To be sure, the folklore says that the hydra-headed IS monster with a billion-dollar holding and hidden sources of income cannot be vanquished easily. But then the ramshackle Iraqi militia with the support and guidance from Iran have shown in Tikrit that the IS mystique is probably no more than hyperbole that can be scattered.

To be sure, the IS continues to get supplies from outside. But then, the Iranians count the U.S. among the principal sources of supply of weapons for the IS.

To be sure, the U.S. could be airdropping weapons by mistake behind enemy lines. But then, Iran now is in possession of concrete evidence that the U.S. aircraft are literally unloading arms supplies at airports that are under the control of the IS.

Really? What is the conclusion to be drawn if there is an ounce of truth in the Iranian allegation (which has since been picked up by Russian official media)? It doesn’t need much ingenuity to figure out that the US is indulging in doublespeak — staging an elaborate pantomime with a hidden agenda that actually aims at somehow perpetuating an IS presence of some sort or the other on the Iraqi chessboard for some time to come. The US’ objective could be three-fold:

  • create an alibi to remain embedded militarily in a highly strategic region where rival powers – Russia, China and Iran – have staged a comeback and may threaten to overshadow the western presence;
  • create a permanent thorn in the flesh for Shi’ite Iran and a bulwark against Iran’s rising regional influence;
  • work on the IS incrementally through its various mentors in the region (who are US’ allies) and finesse it as a geopolitical tool for the furtherance of the US’ regional strategies in the Muslim countries.

Given the above complex scenario, the appearance of the IS in Afghanistan becomes a moment fraught with great poignancy.

We can agree that the Afghan President Ashraf Ghani has no reason to lie during a nationally televised address when he says that the IS is responsible for the carnage in Jalalabad on Sunday. He probably spoke on the basis of Afghan intelligence. His army chief Sher Mohammad Karimi said at the same that terrorists are the common enemies of Afghanistan and Pakistan.

Interestingly, the IS’s appearance in Afghanistan coincides with phenomenal shifts in regional politics. (See my article Pakistan, China, Iran and the remaking of regional security). Equally, there are nascent signs that the national unity government in Kabul is renewing its ties with Russia, here, and Iran, here, (which have been in a state of drift in the recent months.)

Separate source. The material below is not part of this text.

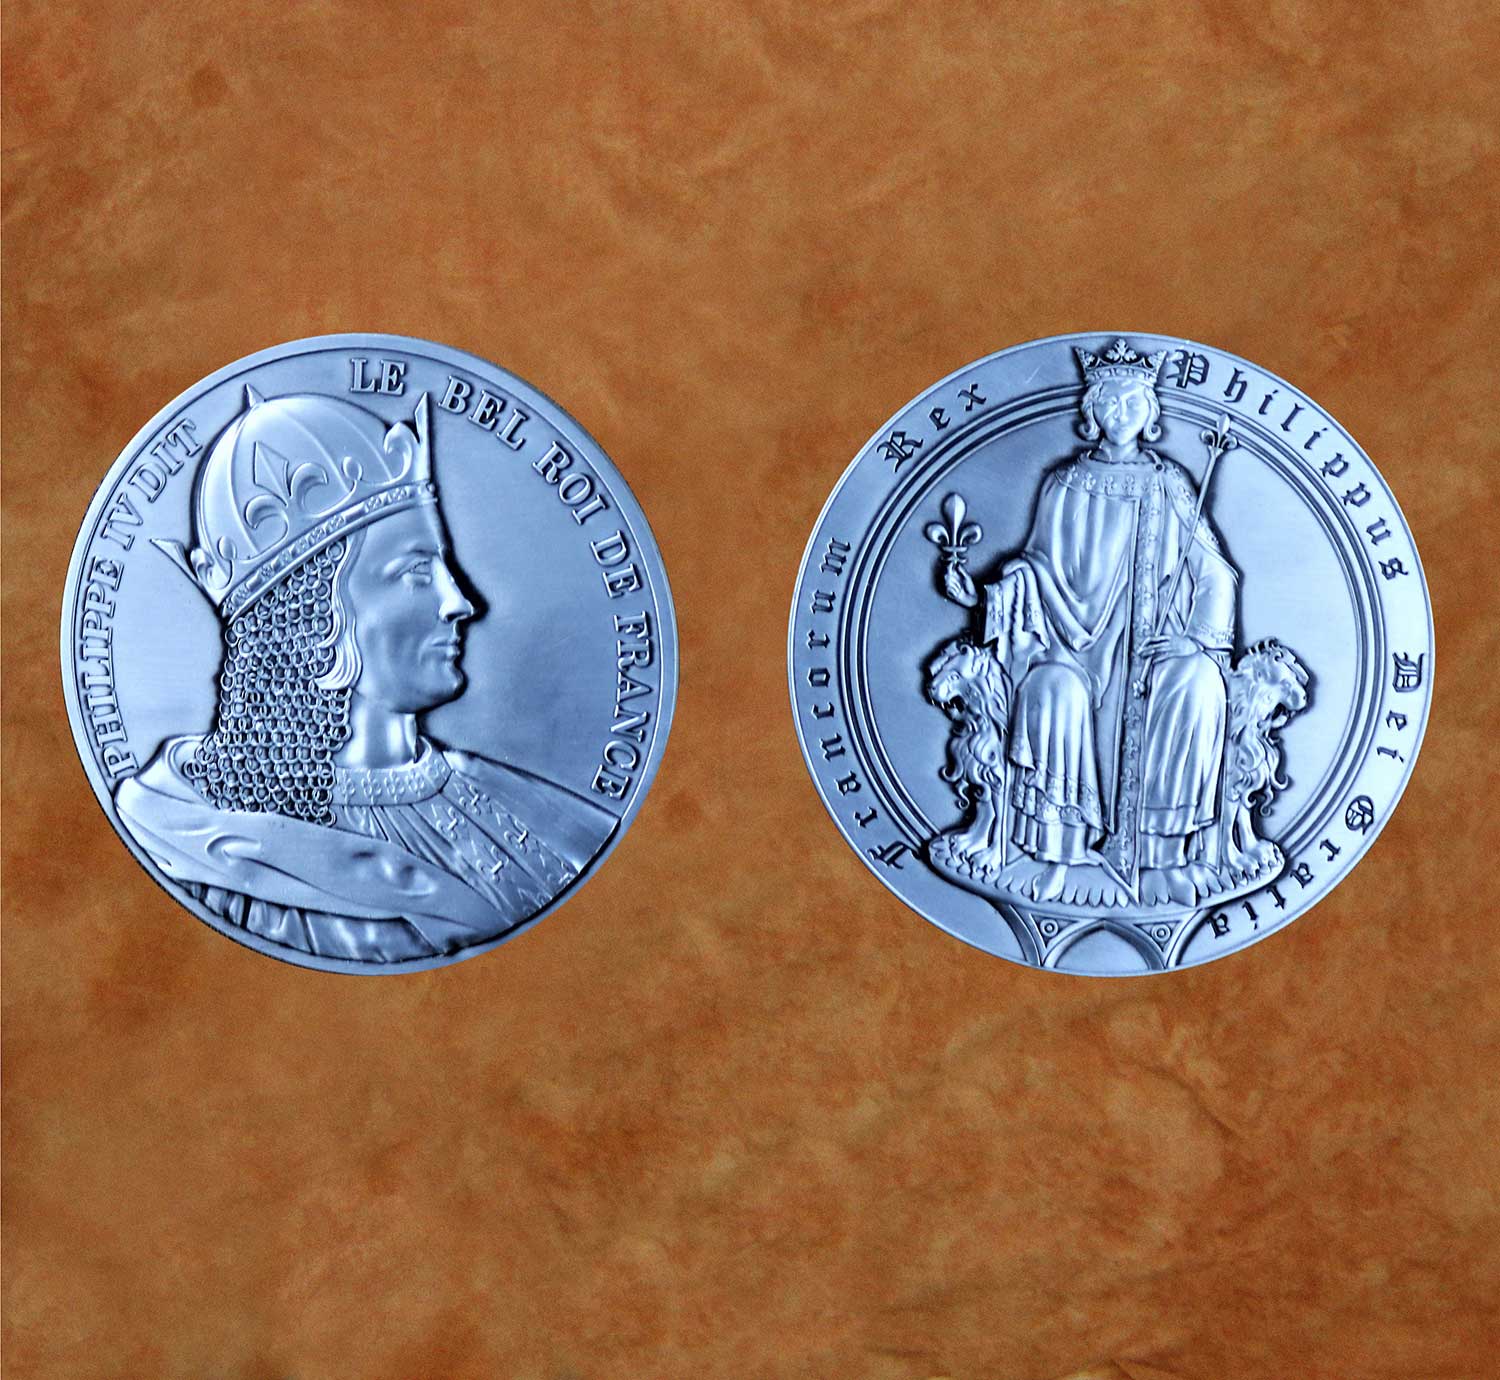 France Mint - Obole \u00e0 l'O rond Dy 224 var besant under the O King PHILIPPE IV the BEL 1285-1314 Rare!

The US has every reason to feel nervous that a regional initiative may, finally, take shape that challenges Washington’s monopoly to be the arbiter of any Afghan settlement — especially with the warming up of Russian-Pakistani ties and the upcoming summit meeting of the Shanghai Cooperation Organization in Ufa, Russia, where Pakistan’s admission as a full member of the regional body is expected to be formalized.